9 мин.

Дэвид Виннер. «Блистательные оранжевые» 10: кривые, 1: демократия

вступление

финал

благодарности/иллюстрации

***

10: кривые

«Это простая математика, чистая математика...» Барри Хюльсхофф, любезный философ по совместительству, рисует серию сложных диаграмм на скатерти в кафе недалеко от железнодорожного вокзала в Бреде. Сейчас Хюльсхофф тренирует бельгийский клуб Первого дивизиона «Эндрахт Алст», но, чтобы избавить меня от поездки в темную Фландрию, он любезно согласился встретиться со мной в голландском городке недалеко от голландско-бельгийской границы. Старый рокер обороны «Аякса», когда-то известный своими длинными волосами, лохматой бородой и любовью к музыке хэви-метал, теперь демонстрирует, как в гипотетическом положении два мобильных и умных защитника могут нейтрализовать четырех нападающих, просто стоя в правильном месте и умно двигаясь. «Видишь? В этой позиции ты можете прикрыть этого игрока... — на бумаге появляется вихрь аккуратных линий, стрелок и клякс — Ладно, возможно. Но если ты стоишь здесь, это лучше вдвойне». Больше линий и вихрь движения, заканчивающийся взмахом ручки. «Видишь? Это лучше; все очень просто. Почему? Потому что в этой позиции у тебя есть девяносто градусов для игры. Если я стою здесь, у меня все 180. Чистая математика, простая математика. И единственная причина, по которой игроки этого не делают, заключается в том, что они ее не знают. Все делают плохо, глупо. Чтобы сделать лучше, они должны двигаться. Они должны идти в ту или иную сторону. Им приходится немного побегать. Этот человек должен подойти немного ближе к мячу, другой — чуть дальше. Но ты можешь сделать это с двумя защитниками. Девяносто градусов или 180 градусов. Простая математика. Только математика».

 

Одним из самых ярких представителей современной, изменчивой голландской архитектуры является остроумный и изобретательный архитектор из Роттердама Ларс Шпюйбрук. Многие считают его одним из самых оригинальных молодых архитекторов Голландии, и я хотел бы, чтобы он показал мне четкую связь между голландским футболом и голландской архитектурой. Но он играл не по правилам, настаивая на том, что между футболом и архитектурой нет никакой связи. «Архитектура имеет дело со множеством правил, множеством иерархий правил и организации. Она материализована. Футбольный матч — это постоянная подпитывание пространства. Чистый аффект. Правила есть, но они не материализуются. Он динамичен. Когда происходят трансформации в игре, происходят трансформации в твоем теле и в эмоциях. Это очень эмоциональное пространство. Это пространство аффектов. Здание — это тоже эмоциональное пространство, но оно пытается перенести его в архитектуру». Он настаивает на том, что в игре есть только одно архитектурное сооружение: оборонительная стенка, и она должна была устареть, когда Платини нашел способ закручивать штрафные удары вокруг и над ней.

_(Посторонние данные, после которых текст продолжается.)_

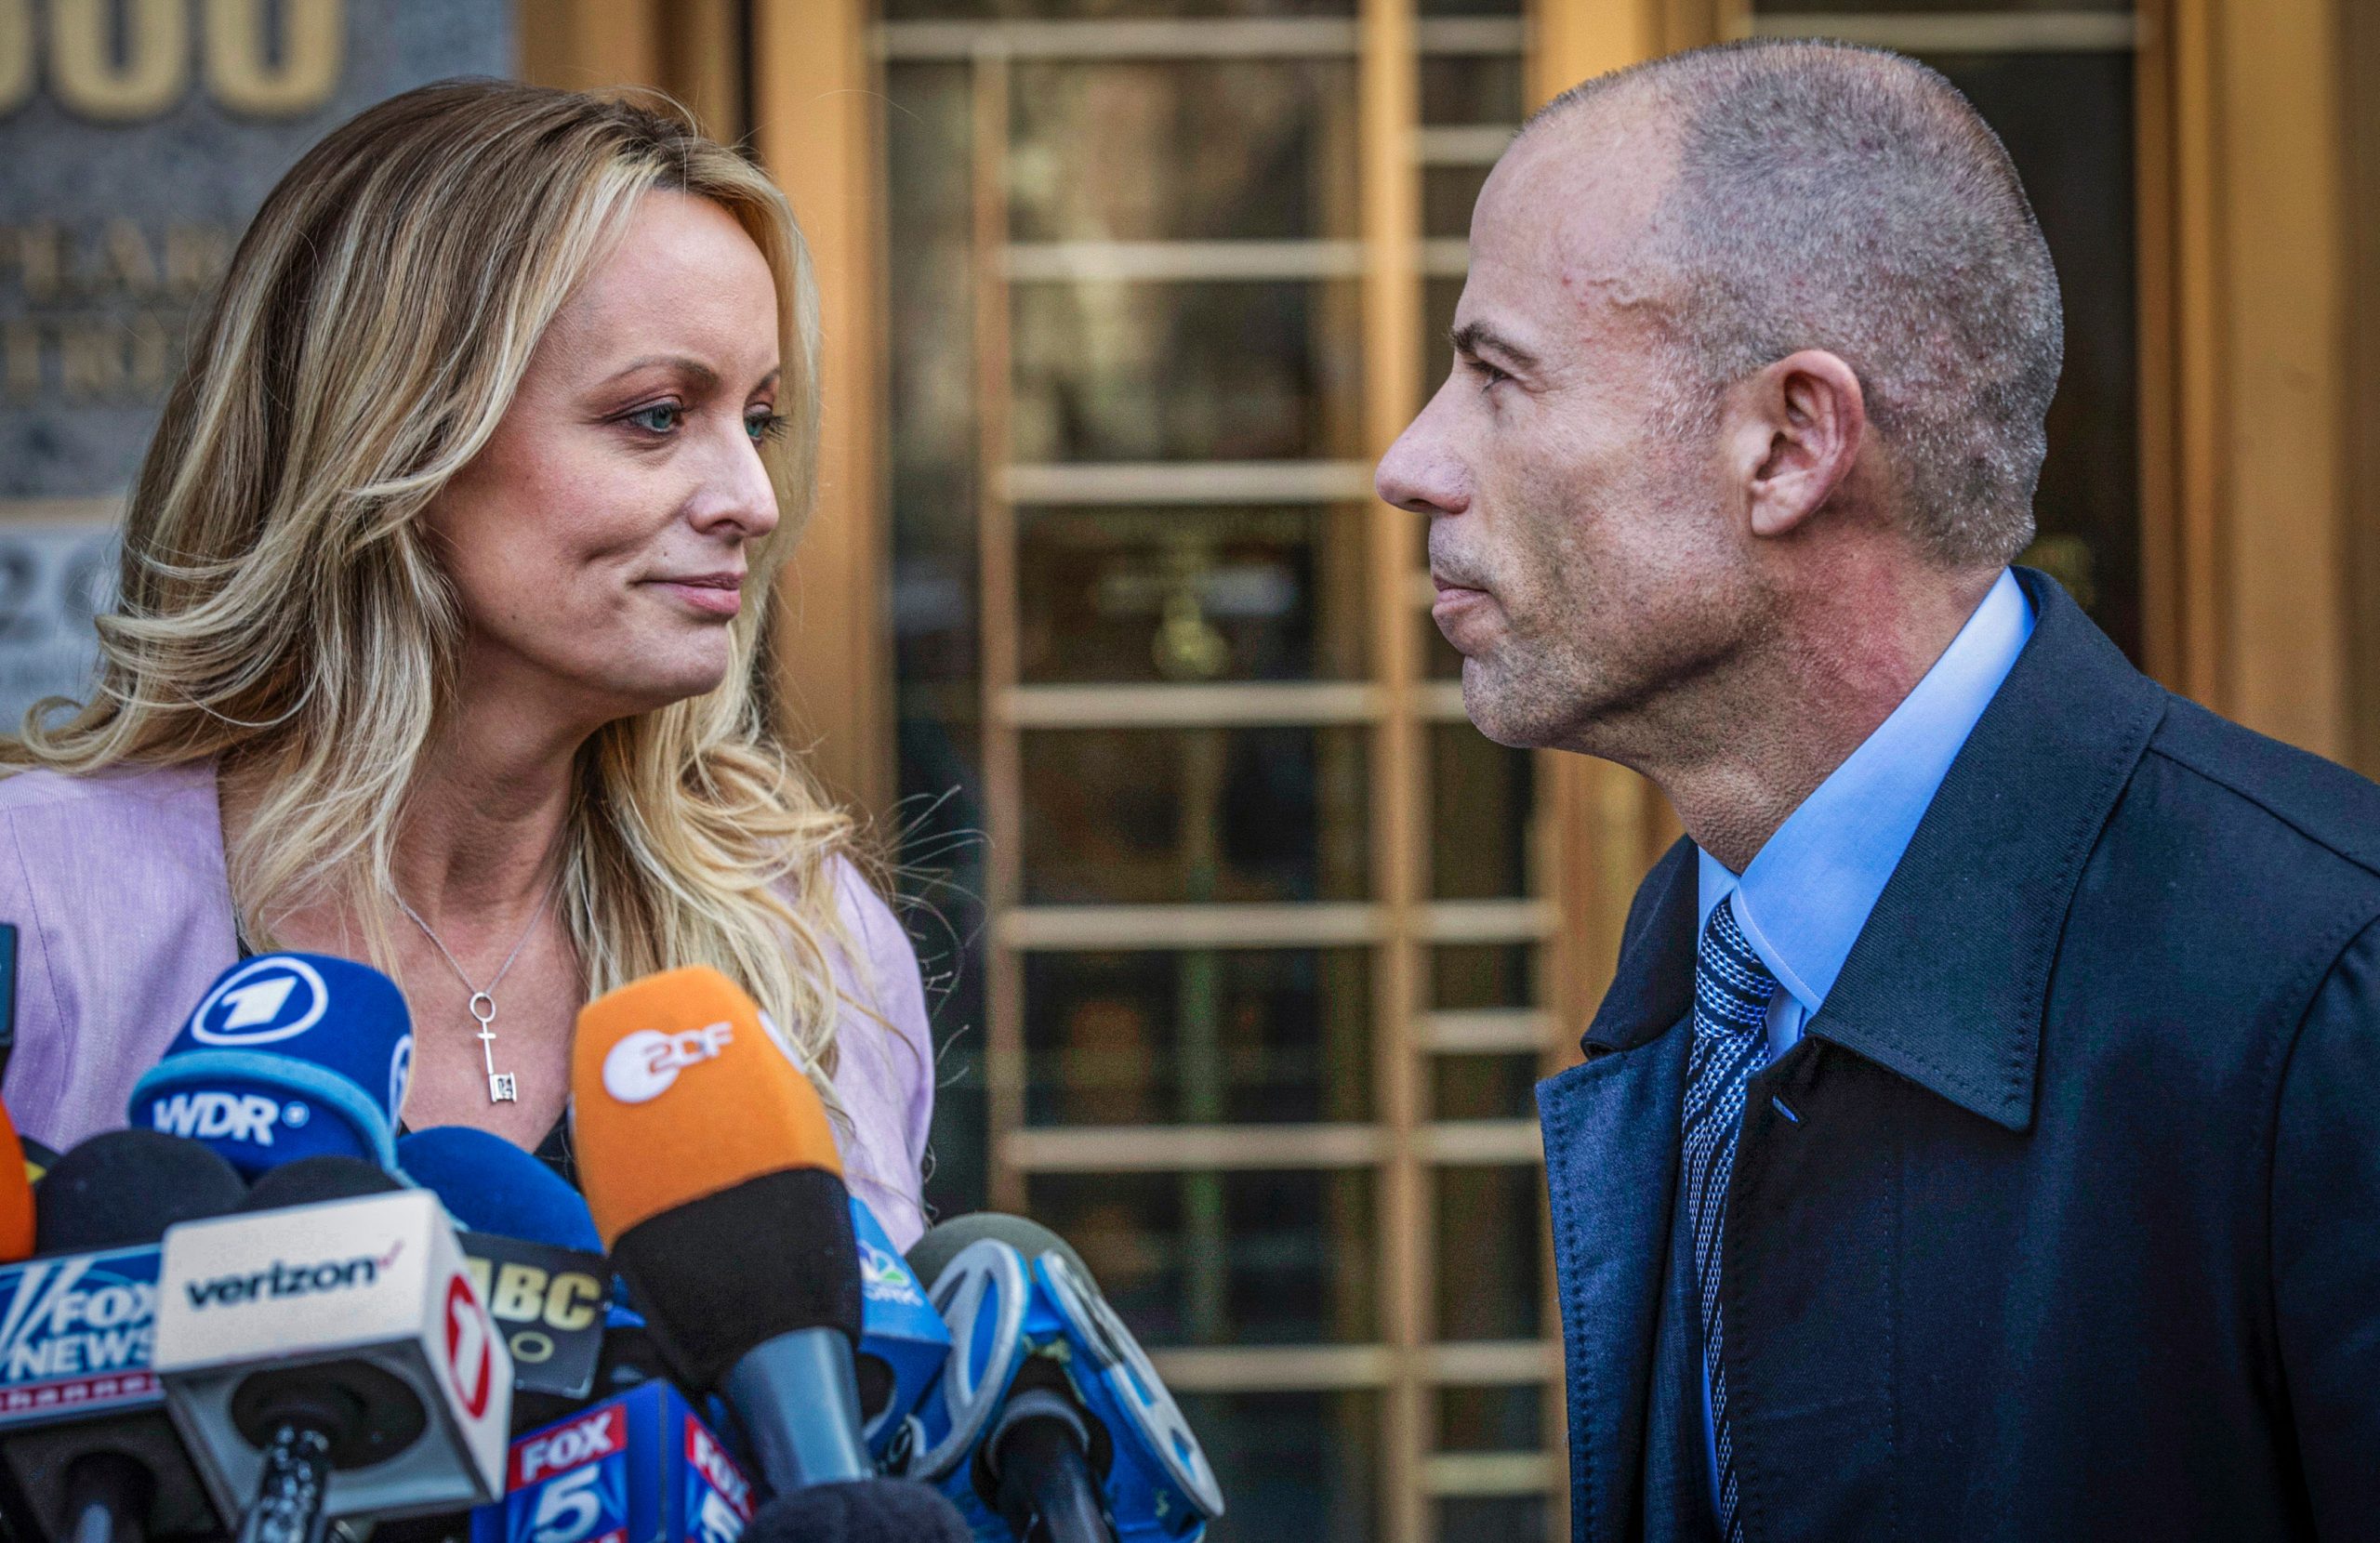 Stormy Daniels lawyer Micahel Avenatti found guilty of fraud over Donald Trump book compensation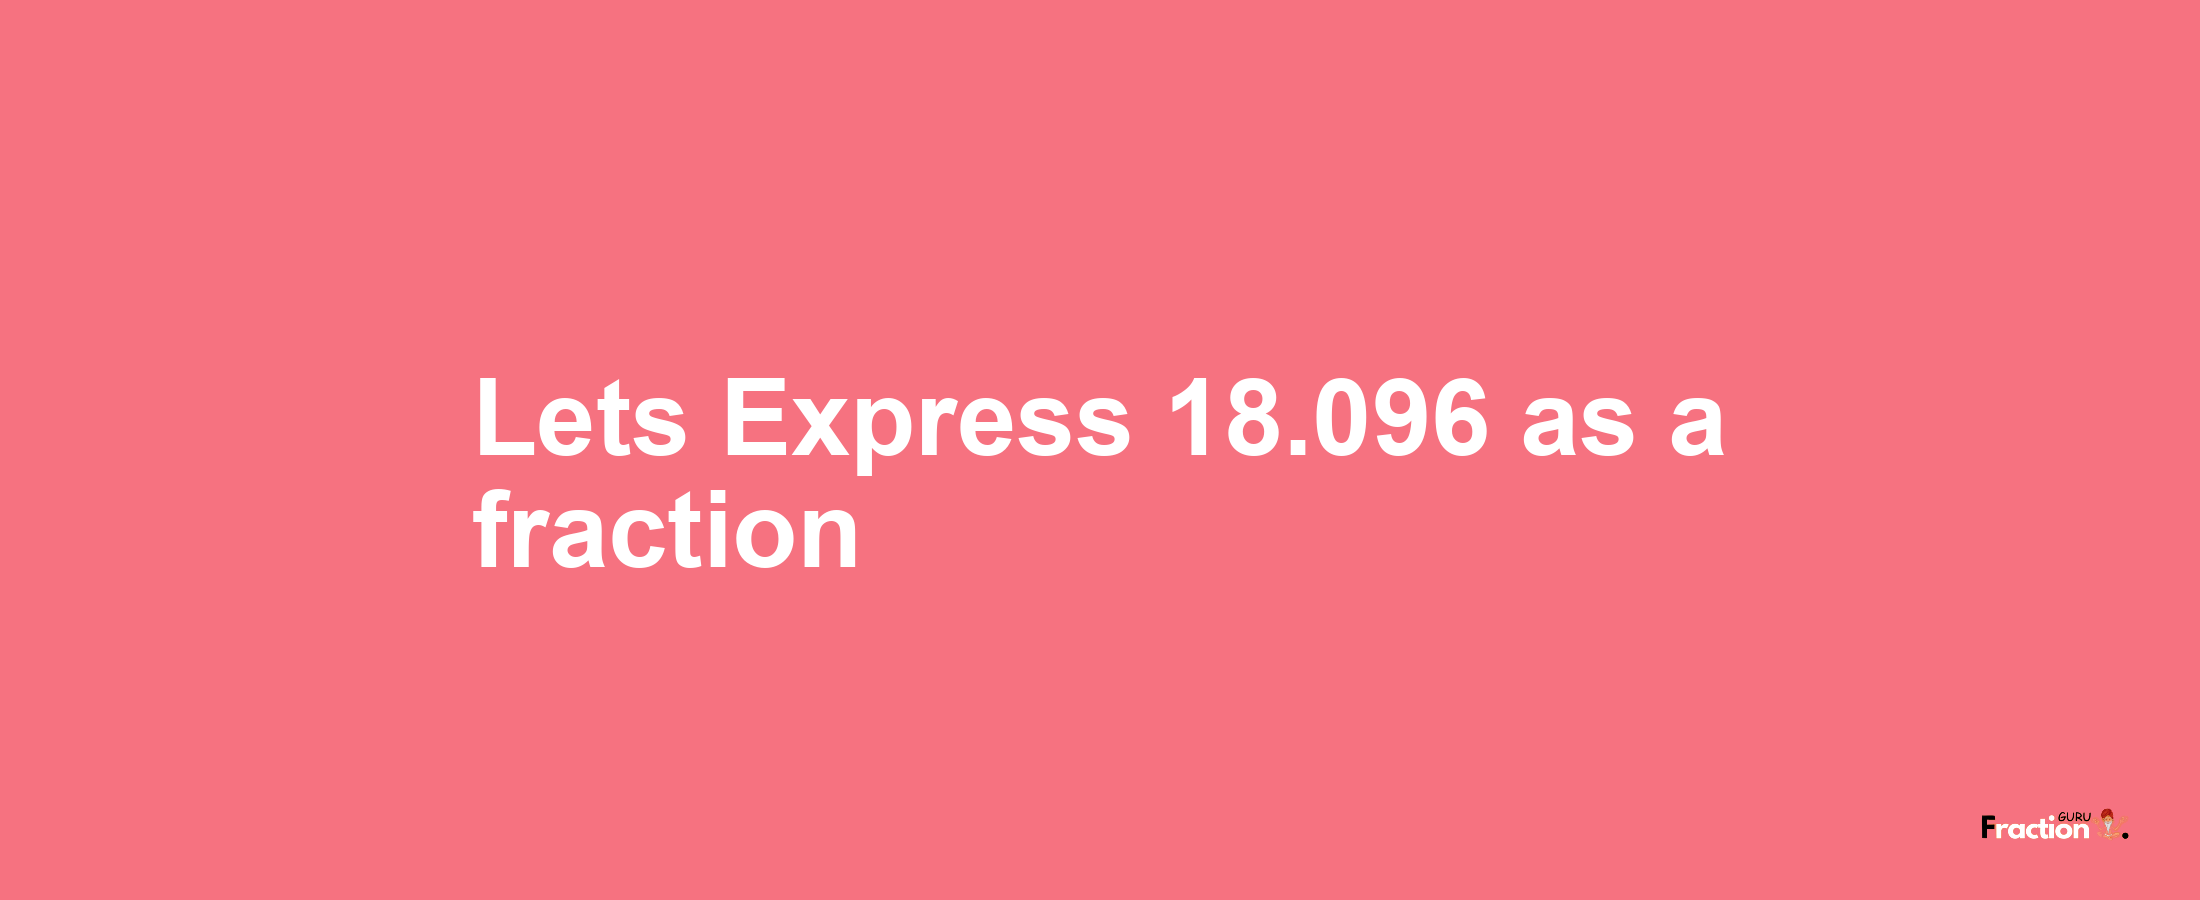 Lets Express 18.096 as afraction

В школе Шпюйбрук был «фанатом "Фейеноорда"» и помешанным на стиле вратарем. «Если бы я совершил один красивый сейв, я был бы счастлив. После этого не имело значения, пропусти я хоть пять голов». Вместо того, чтобы носить традиционный номер 1 на своем вратарском свитере, он носил номер 10 в честь своего героя, Вима ван Ханегема, который получил прозвище «De Kromme» — «Кривой» — отчасти из-за его кривых ног, но в основном из-за того, что он сенсационно закручивал мяч. С детства Ван Ханегем предпочитал бить по мячу внешней стороной левой ноги. В детстве ни он, ни его соперники не знали, что будет делать мяч, когда отскочит и где он окажется. Однако к тому времени, когда он стал звездой «Фейеноорда» и сборной Нидерландов, его техника была доведена до совершенства. Он не только создавал одни из самых необычных закрученных передач в мировом футболе, но и стал необычайно точным в своих передачах, ударах и штрафных ударах. Конечно, это чистое совпадение, что Шпюйбрук вырос, чтобы проектировать здания, в которых нет ничего, кроме изгибов. Изгибы в стали, бетоне, резине, дереве... Все, что угодно, лишь бы оно извивалось, пикировало и пузырилось в пространстве. «Кривая — это самый естественный, самый сильный путь между А и В, между двумя точками пространства. Прямая линия всегда искажается эффектами».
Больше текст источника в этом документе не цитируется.